* _The problem_
Copy, pictures aside: the lines below from the one that holds "cabeza regal de" through the final line of the listing, both ends included, exactly as they are and nothing else.

* _Supplied information_
§ §
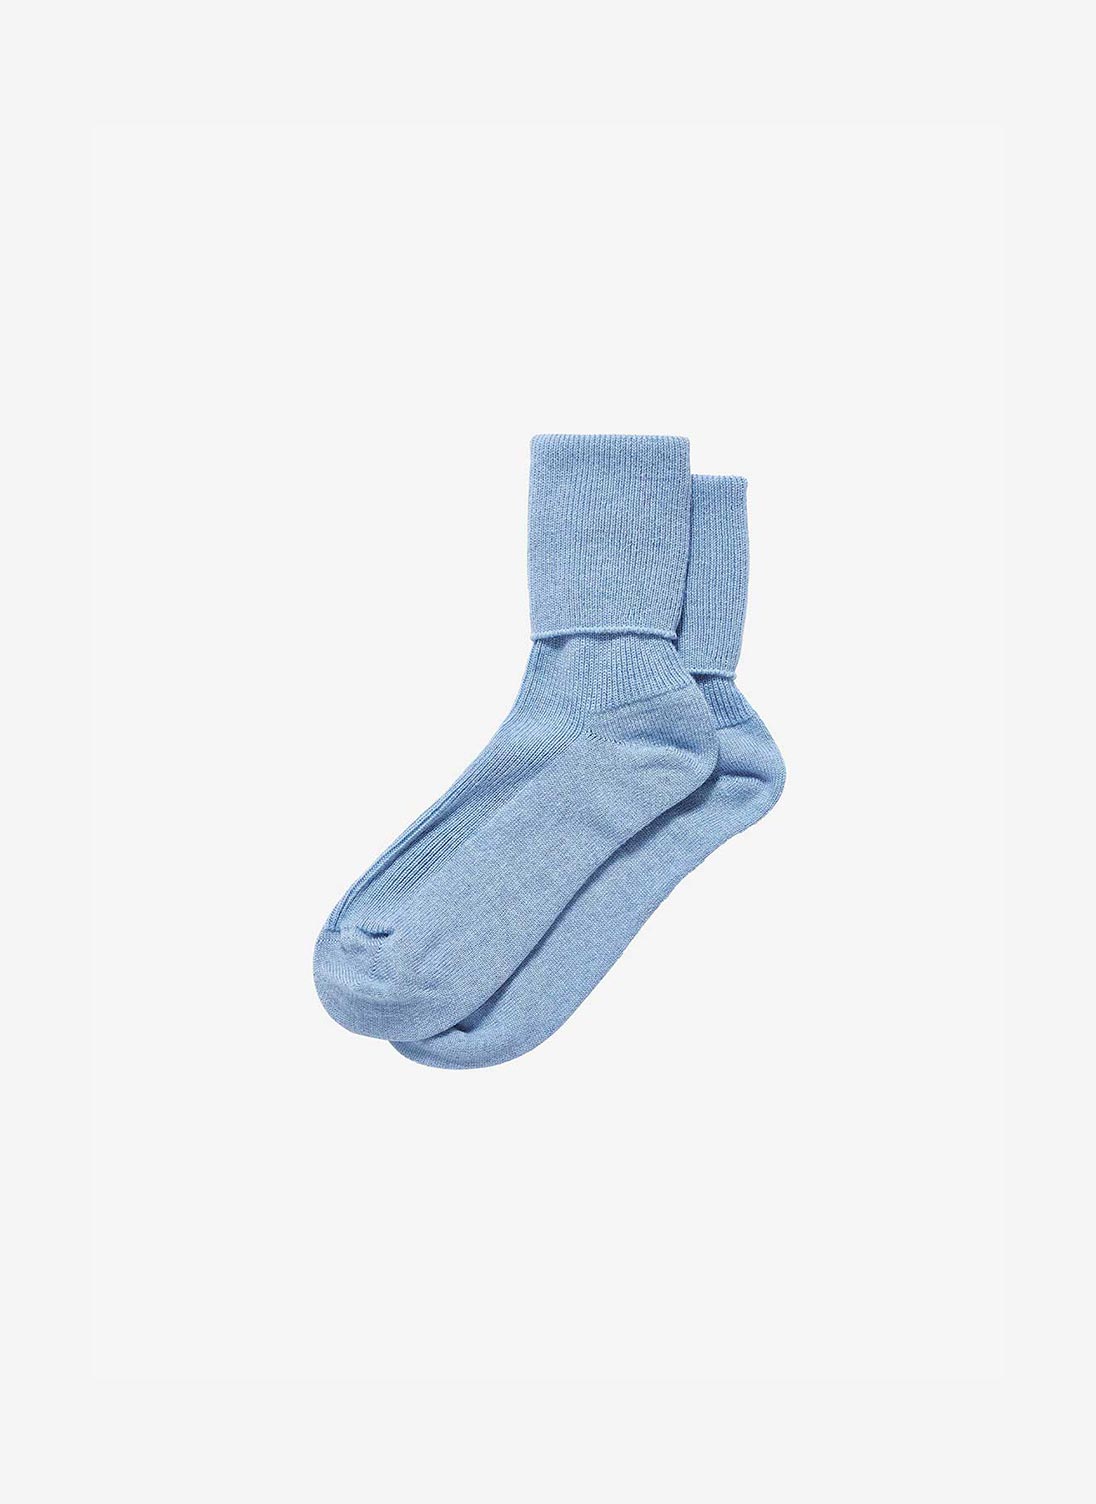 Women's Cashmere Socks Iris
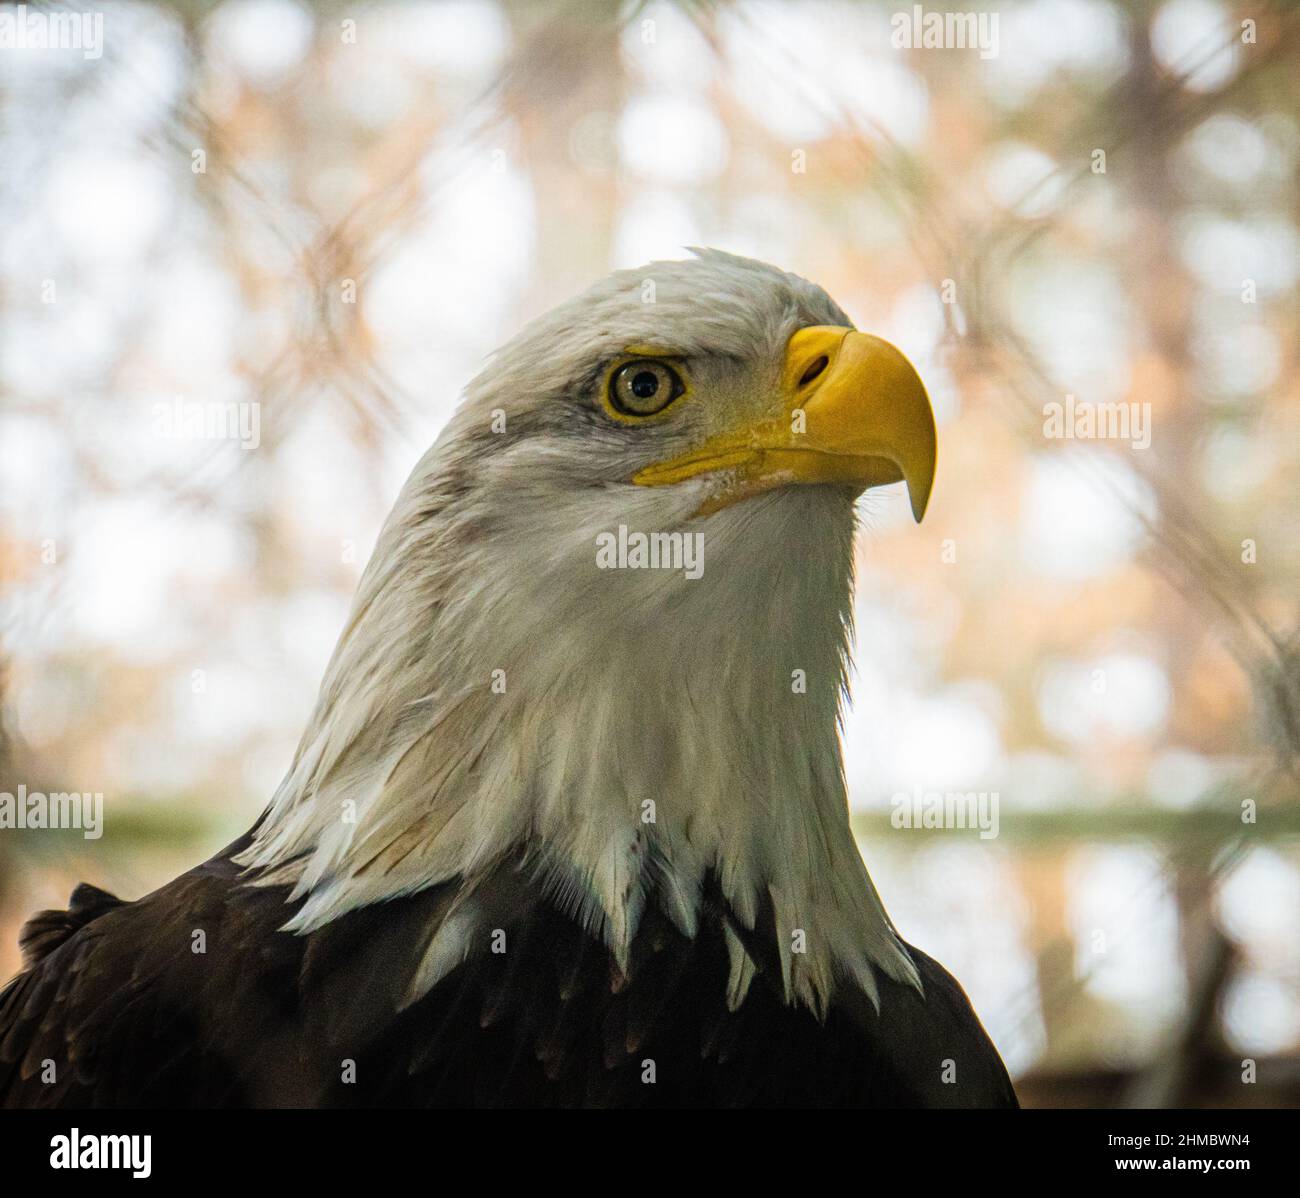 cabeza regal de un águila calva americana con pico prominente Foto de stock
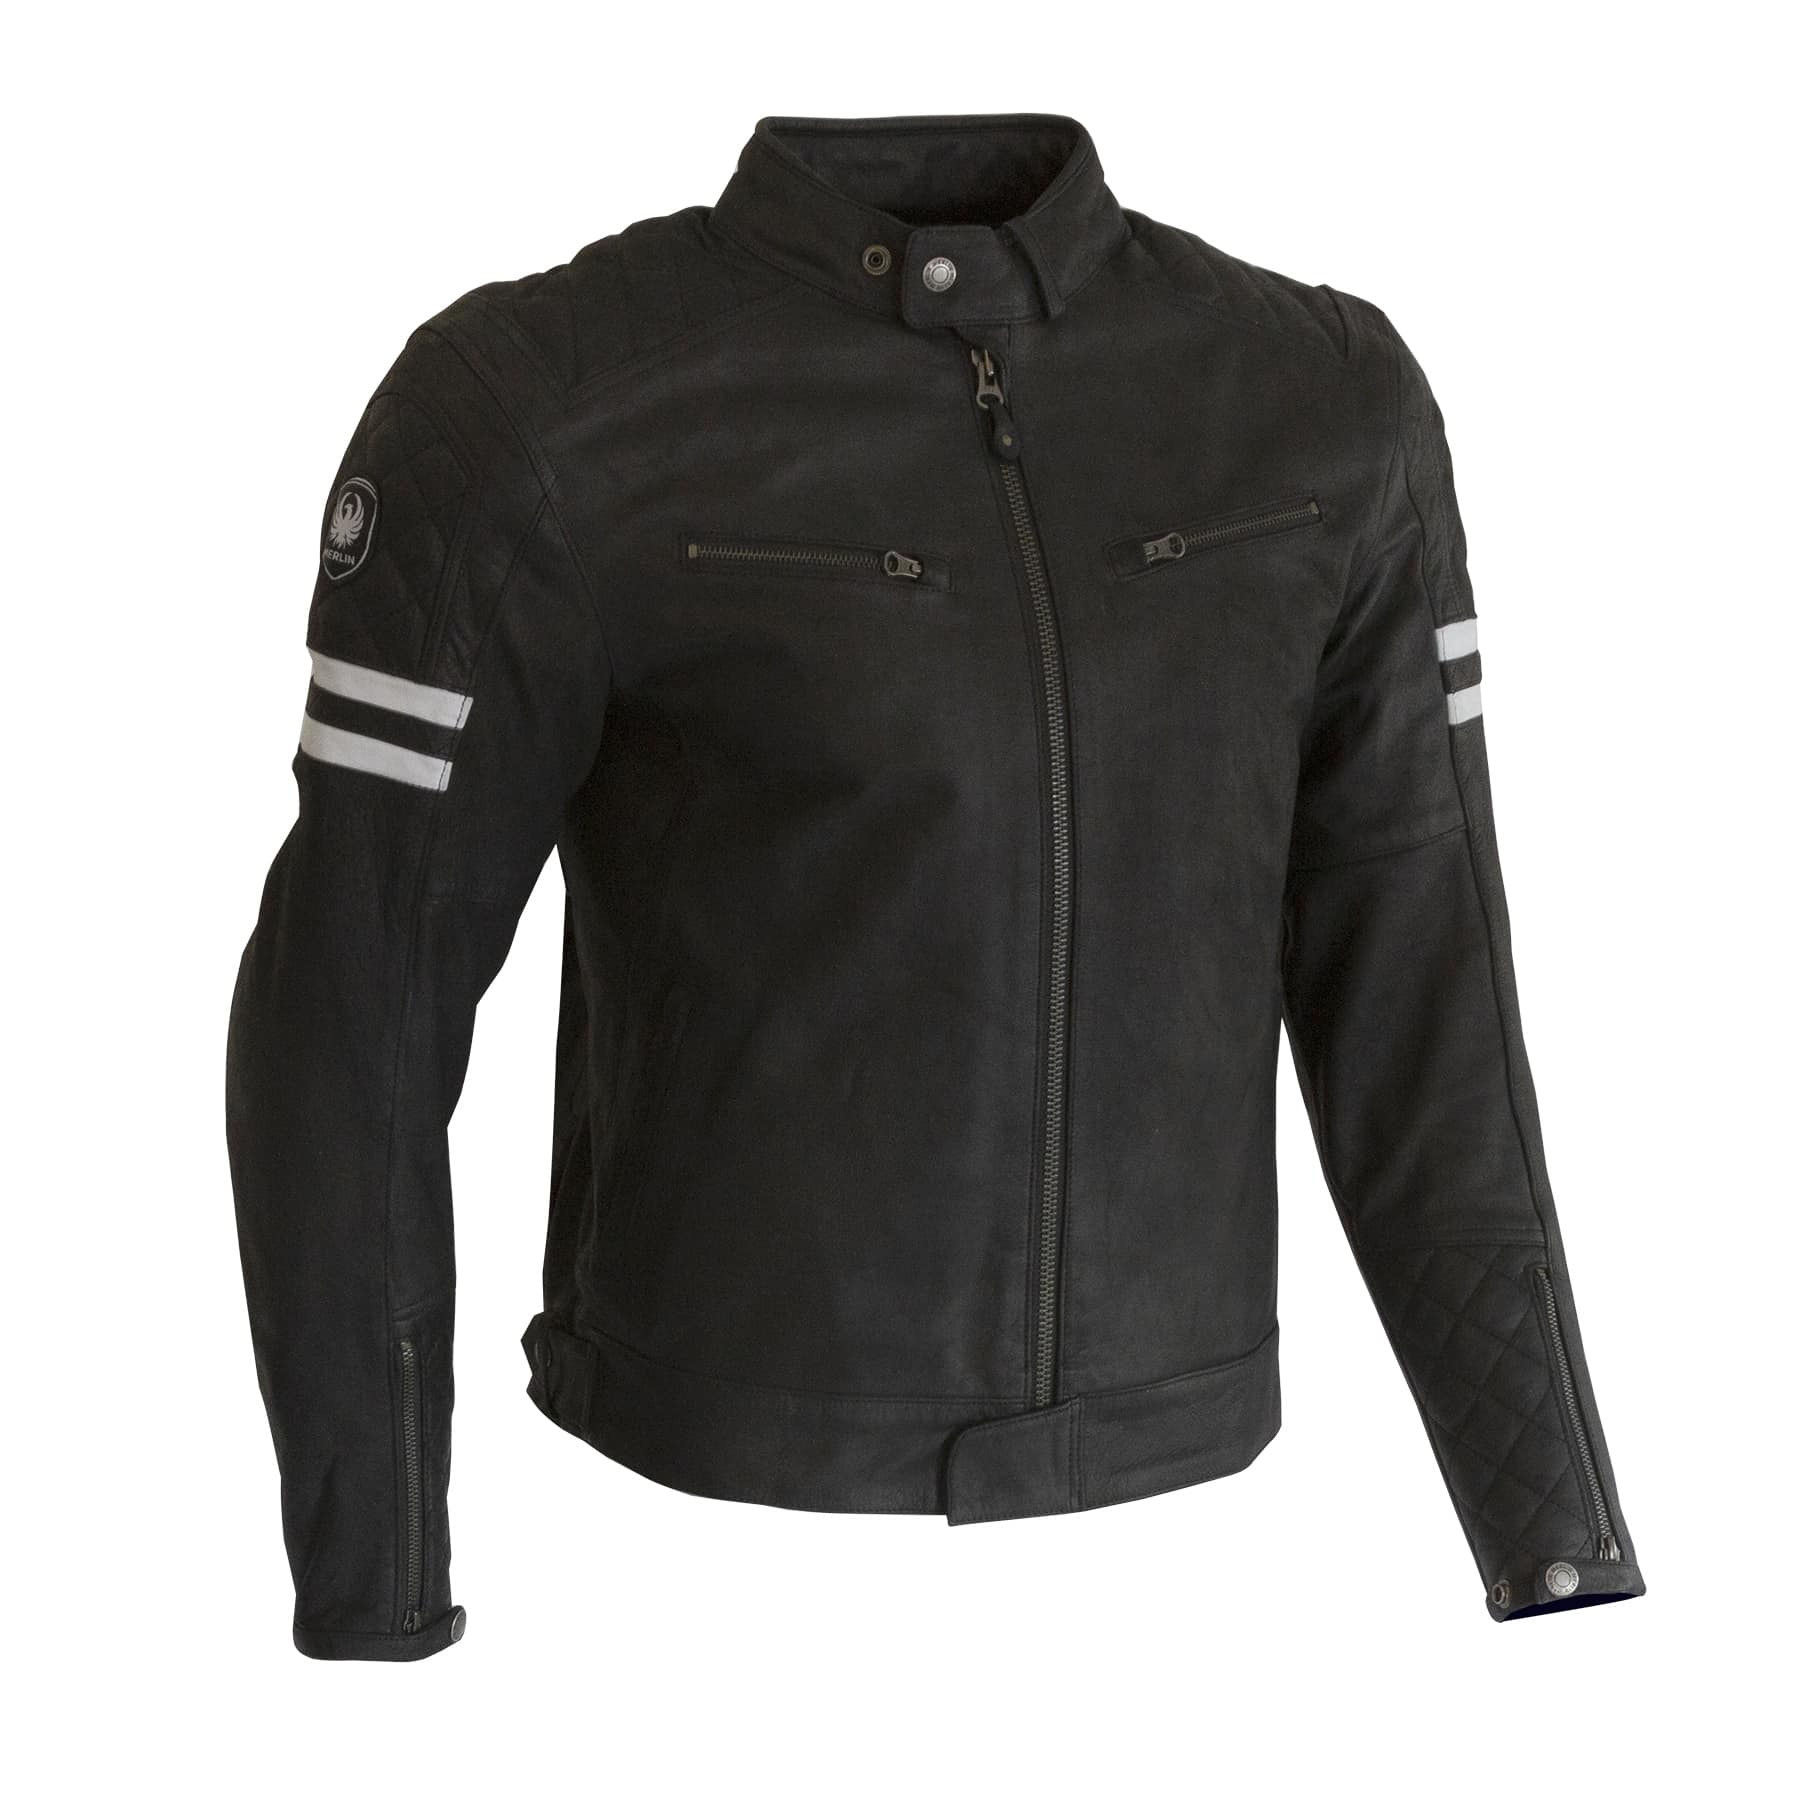 Merlin Hixon II jacket in black
§ §
* _Task solution_
 cabeza regal de un águila calva americana con pico prominente Foto de stock
 Merlin Hixon II jacket in black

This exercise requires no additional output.